On the other side, he says, are the health costs of the lockup. “If we prolong these measures too long, the premature deaths from that policy could be 100-fold larger than what we see with Covid-19 itself,” Ioannidis told me. The fear of leaving home to go to a hospital is alone almost certainly leading to thousands of unnecessary deaths from heart attacks, strokes and cancer.

Other epidemiologists’ assessment of Ioannidis’ claim, that staying at home will likely kill far more people than Covid-19, might best be summed up the way physics giant Wolfgang Pauli is said to have dismissed the lesser work of a colleague: It’s not even wrong. To be promoted to wrong, the Ioannidis position would have to be based on data and analysis that scientists could argue over. Even allowing his 0.1 percent fatality rate for the disease—which most epidemiologists think is way too low, but not beyond-the-realm-of-possibility low—there is almost no data to go on for the likely cost in human life of the lockdown. We know Covid-19 is killing tens of thousands of people, and that staying at home is slowing the spread; but we know virtually nothing about the number deaths caused by staying at home. As such, what Ioannidis is promoting simply isn’t science, says Loren Lipworth, a Vanderbilt University epidemiologist. “It’s impossible to do that risk-benefit analysis,” she says. “It’s just relying on anecdote and common sense.” In other words, Ioannidis is pitting his gut against the collective data-driven wisdom and analysis of medicine and public health.

It’s not that Ioannidis isn’t asking the right questions. I watch CNN and CBS News every day, and I’ve only seen the issue of unnecessary deaths due to the lockdown come up a few times, in the context of chronically-ill people having trouble getting treatment. But I’ve watched hundreds of stories of individuals dying horribly from Covid-19, and of anti-stay-at-home protesters excoriated by experts.
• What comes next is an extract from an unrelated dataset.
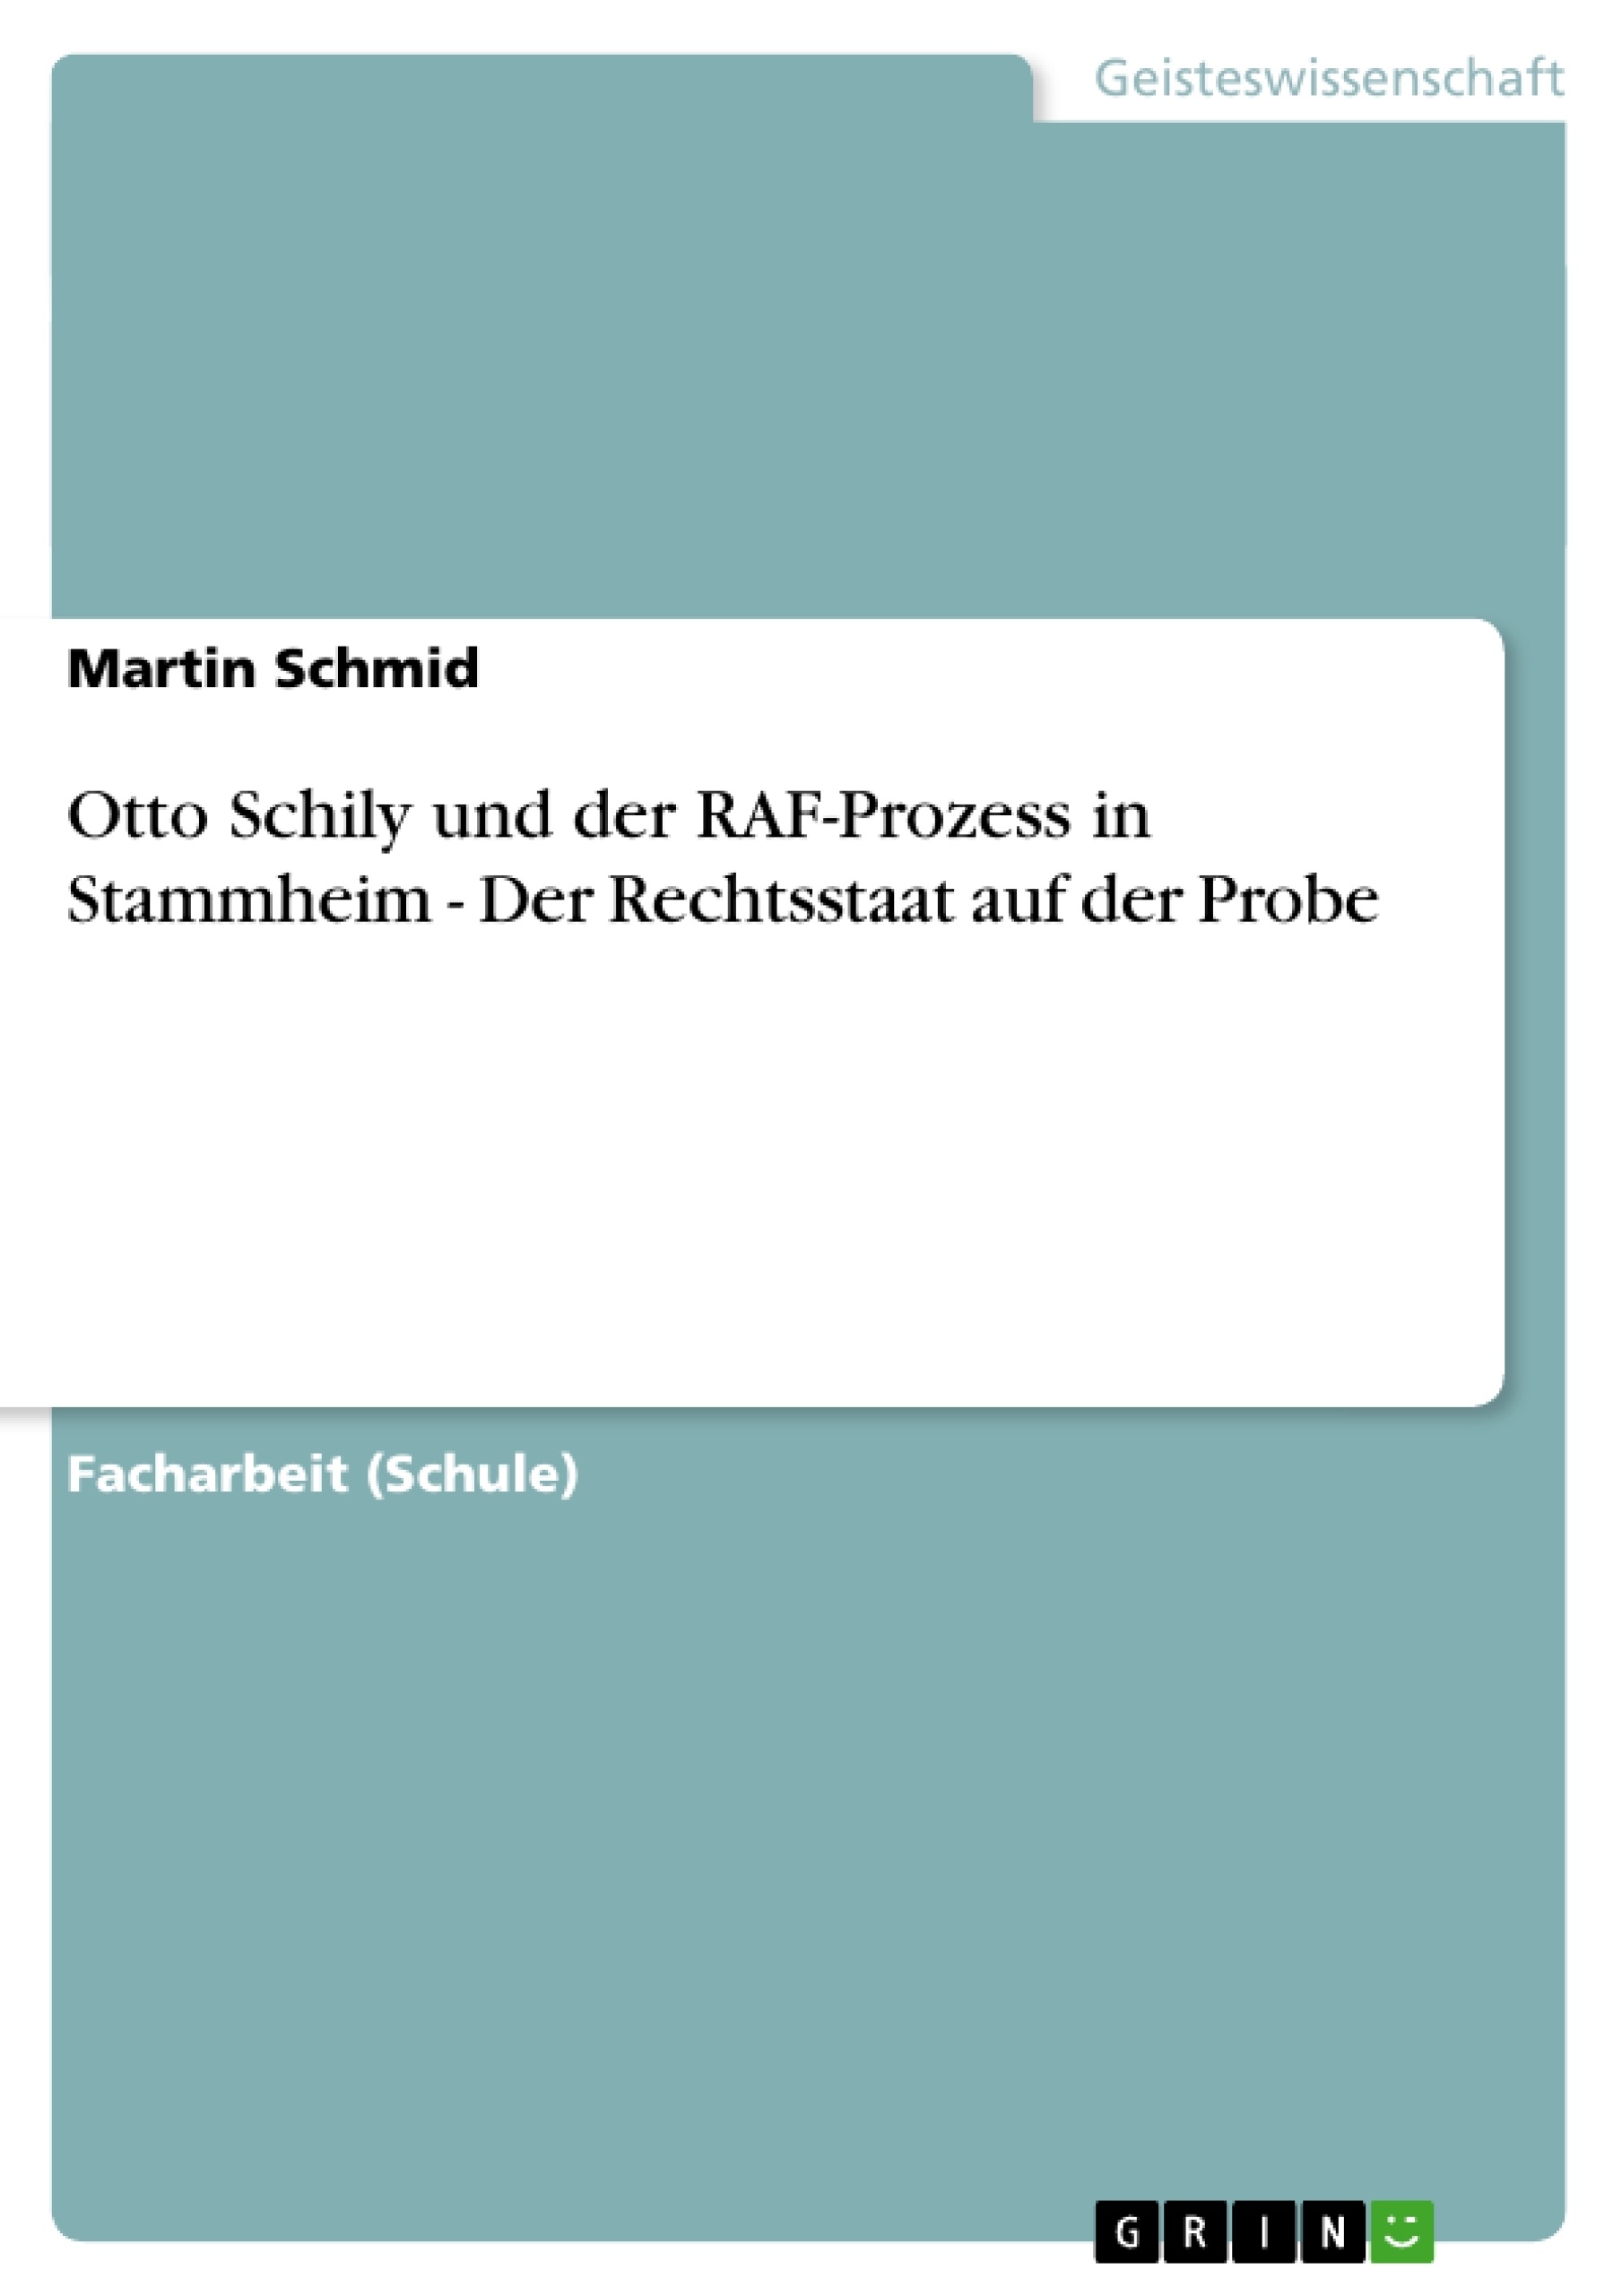 Title: Otto Schily und der RAF-Prozess in Stammheim - Der Rechtsstaat auf der Probe

That’s how most Americans see this disease: through a terrifying filter of widespread death that only fools would leave home to risk.

If Ioannidis’ claims even slightly alter the conversation toward a more balanced, thoughtful view of what we really gain, and what we might lose, from the lockdown, then maybe it’s mission accomplished. If he’s even partly right that we’re too biased toward staying at home, and the disease isn’t as deadly as we thought, the resulting shift could ultimately save tens of thousands of lives.

A week ago, Ioannidis’ legacy in medical science seemed unassailable. Today, not so much. I saw it on the faces of those medical students. To them Ioannidis may always be the fringe scientist who pumped up a bad study that supported a crazy right-wing conspiracy theory in the middle of a massive health crisis.

The prevailing take now is that Ioannidis has fallen prey to the very sorts of biases and distortions that he became revered for exposing in others. If that’s what happened, it will be a twist that Ioannidis himself had prophesied to me 10 years ago in Greece. “If I did a study and the results showed that in fact there wasn’t really much bias in research, would I be willing to publish it?” he said then. “That would create a real psychological conflict for me.” Ioannidis was acknowledging that he’s invested in showing that other scientists tend to get it wrong, and that he might end up being skeptical of data suggesting they are, in fact, getting it right.

Now Ioannidis’ claims about Covid-19 may be pulled by the gravity of his commitment to being the one who sees where everyone else went wrong. There’s a meta-meta-science lesson in there, too, and one we’ve sometimes seen before: Bias is so powerful a force in scientific research that even a grandmaster of research into bias can eventually trip over it.

Photographs: Getty Images; Library of Congress

Updated, 5/1/2020, 12:00 pm EST: The story has been updated to correct a mix-up between the infection fatality rate and the case fatality rate.